L’Aes Sedai se retourna en fronçant les sourcils d’un air distrait. « Comment ? Oh, c’est vous, mon enfant. Moiraine est partie. Et votre amie, Nynaeve, est déjà à bord de la Reine de la Rivière. Il a fallu que je la pousse moi-même de force dans une barque, elle criait qu’elle ne voulait pas partir sans vous. Par la Lumière, quel combat ! Vous-même devriez être à bord. Trouvez une barque qui vous conduise à la Reine de la Rivière. Vous deux voyagerez avec l’Amyrlin, alors tenez-vous à carreau une fois à bord. Pas de scènes, pas de caprices.

— Moiraine Sedai est sur quel bateau ?

— Moiraine Sedai ne se trouve sur aucun bateau, mon petit. Elle est partie depuis deux jours et l’Amyrlin prend la chose très mal. » Anaiya esquissa une grimace et secoua la tête, sans pour autant détourner des hommes travaillant au chargement la majeure partie de son attention. « D’abord Moiraine s’éclipse avec Lan, puis Liandrin s’en va juste sur les talons de Moiraine et enfin Vérine, aucune d’elles ne laissant un mot pour personne. Vérine n’a même pas emmené son Lige ; Tomas se ronge les ongles d’inquiétude pour elle. » L’Aes Sedai jeta un coup d’œil au ciel. Aucun nuage ne ternissait l’éclat du croissant de lune montante. « Nous allons devoir appeler de nouveau le vent, et cela ne plaira pas non plus à l’Amyrlin. Elle dit qu’elle veut que nous soyons en route pour Tar Valon dans une heure et qu’elle ne tolérera aucun retard. Je n’aimerais pas être Moiraine, Liandrin ou Vérine quand elle les reverra. Elles regretteront de ne pas être de nouveau des novices. Voyons, mon petit, qu’y a-t-il ? »

Egwene respira à fond. Moiraine partie ? Pas possible ! Il faut que je parle à quelqu’un, quelqu’un qui ne me rira pas au nez. Elle se représentait fort bien Anaiya au Champ d’Emond écoutant les problèmes de sa fille ; elle correspondait tout à fait au rôle. « Anaiya Sedai, Rand a des ennuis. »

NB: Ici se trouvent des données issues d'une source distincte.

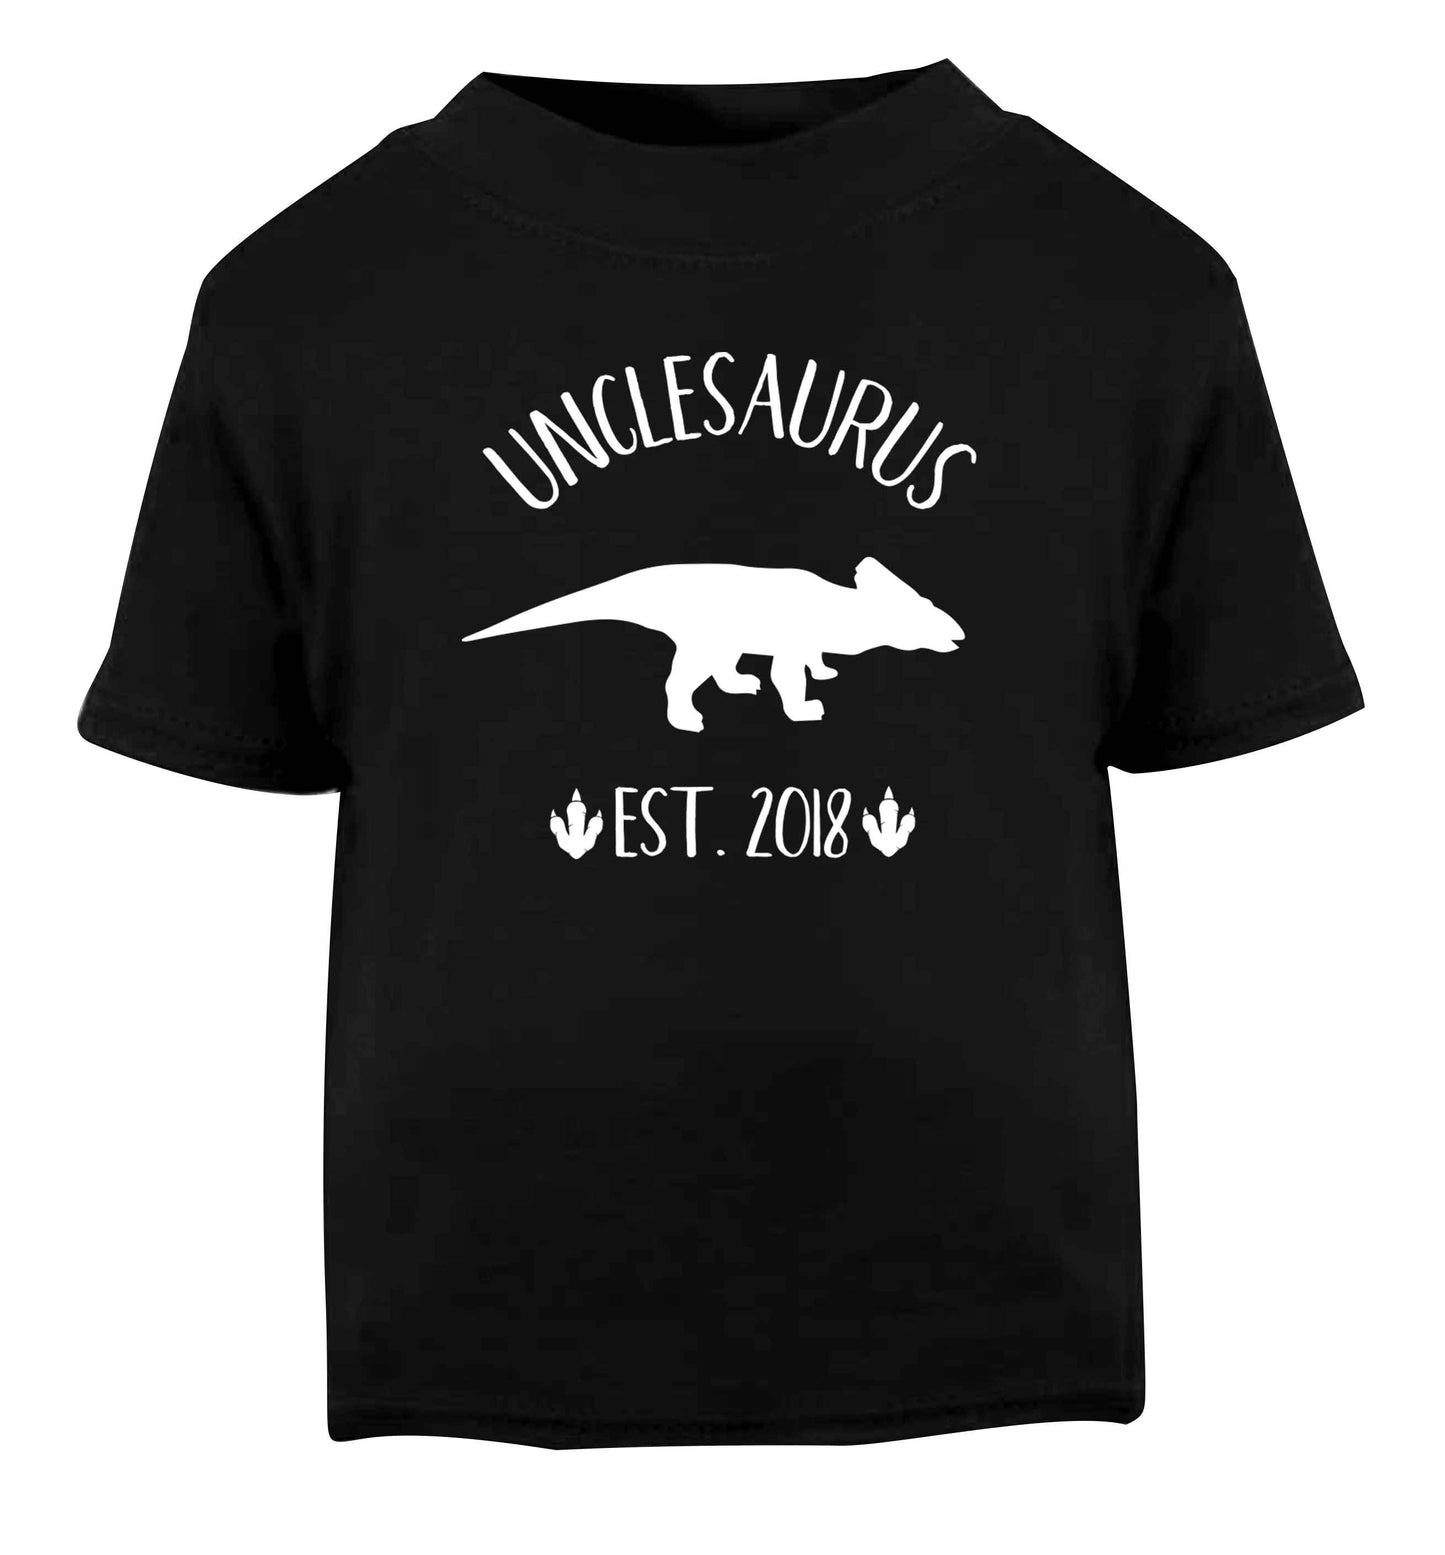 Personalised unclesaurus since (custom date) Black Baby Toddler Tshirt 2 years

Anaiya posa sur elle un regard pensif. « Ce grand garçon de votre village ? Il vous manque déjà, hein ? Ma foi, je ne serais pas surprise qu’il se soit mis dans un mauvais cas. Les jeunes gens de son âge en sont coutumiers. Encore que ce soit l’autre – Mat ? – qui paraissait du genre à se fourrer dans le pétrin. Très bien, petite. Je n’ai pas l’intention de me moquer de vous ou de prendre cela à la légère. Quel genre d’ennui et comment le savez-vous ? Lui et le Seigneur Ingtar doivent avoir le Cor et être de retour à Fal Dara, à présent. Ou alors ils ont dû suivre sa piste dans la Dévastation, et à cela on ne peut rien.